[Legal] [Sentence extraction] Belarusian texts from euroradio.fm

Hello!

I am working on creating a Belarusian text corpus for Common Voice.
We have received permission from Euroradio (https://euroradio.fm) - a large belarusian internet media - to use their texts under CC-0 licence for the Common Voice.

  1. Do we need to put this permission into a formal document for you? If so, how should it look like? Can you provide an example of such document?

  2. Can you please also guide, how the process of uploading their texts into Common Voice should be performed?
    We can put all their texts into single file with 1 sentence per line and upload this file to Sentence Collector.
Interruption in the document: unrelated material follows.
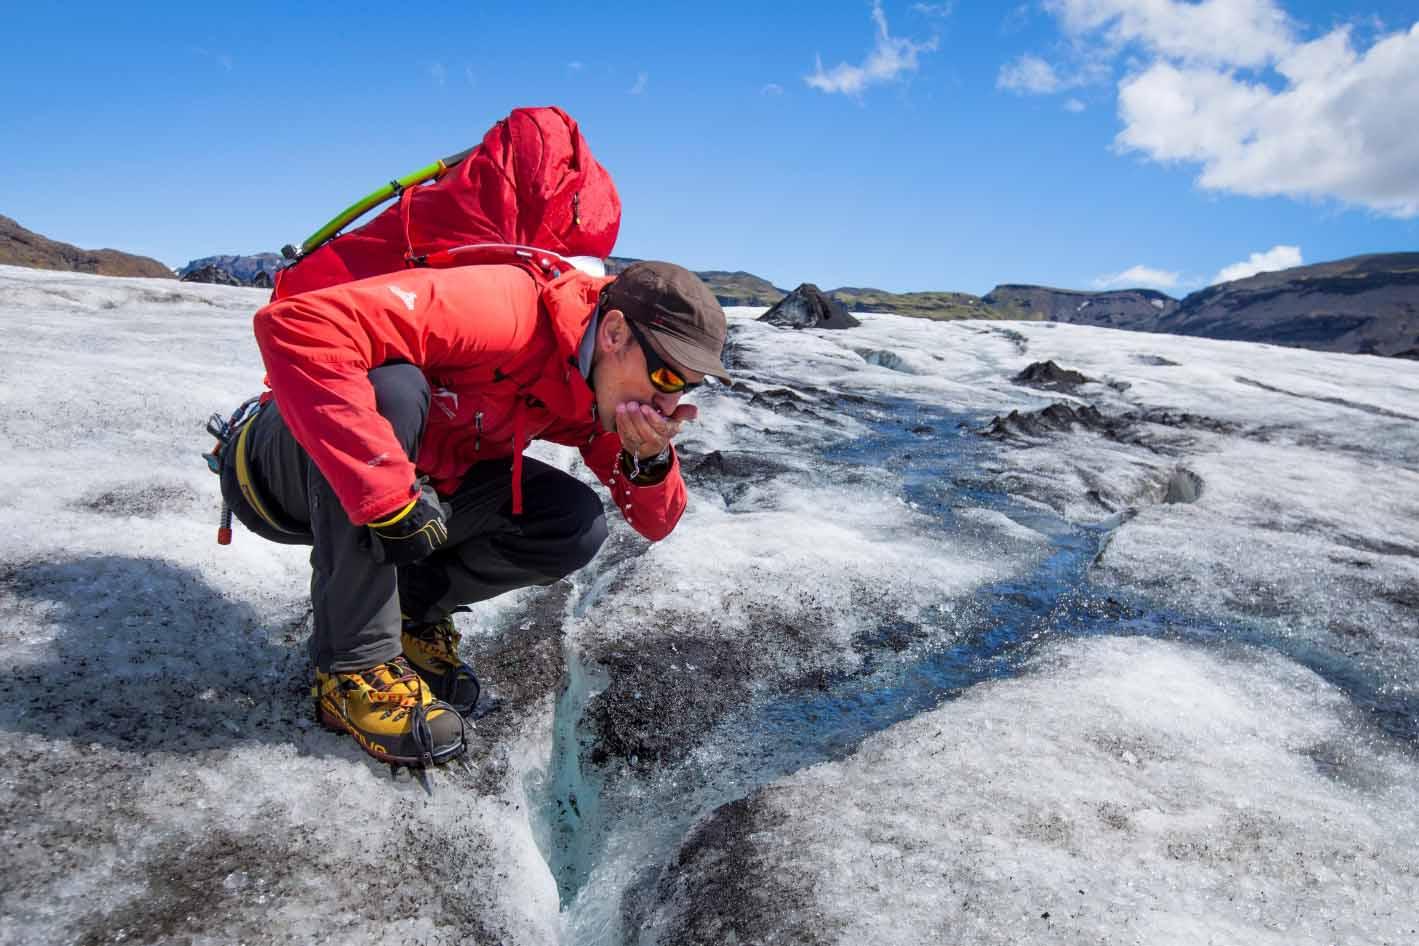 Abundance of ice cold water

  3. Can we skip the process of validating sentences? All the texts that are published on Euroradio’s web site are checked by professional belarusian linguists - so there should be almost no mistakes and the text quality is good

Thanks!

3 Likes

Hello! I’m EM, the Product Lead for CV. So excited to hear about this! I just needed to check in with legal about the corpus guidelines. I promise to get back to you tomorrow with that :slight_smile: - @heyhillary can help with 2 + 3.

Hello :wave:t6:

Thanks for your questions.

For question 2:
Check out this guide on how to add bulk submissions https://github.com/common-voice/common-voice/blob/main/docs/SENTENCES.md#bulk-submission.

For question 3:
We ask that you validate a sample of the sentences. This post explains how the Europal Dataset with Speeches from European Parliament were validated: Using the Europarl Dataset with sentences from speeches from the European Parliament

If you have any questions, we are happy to help.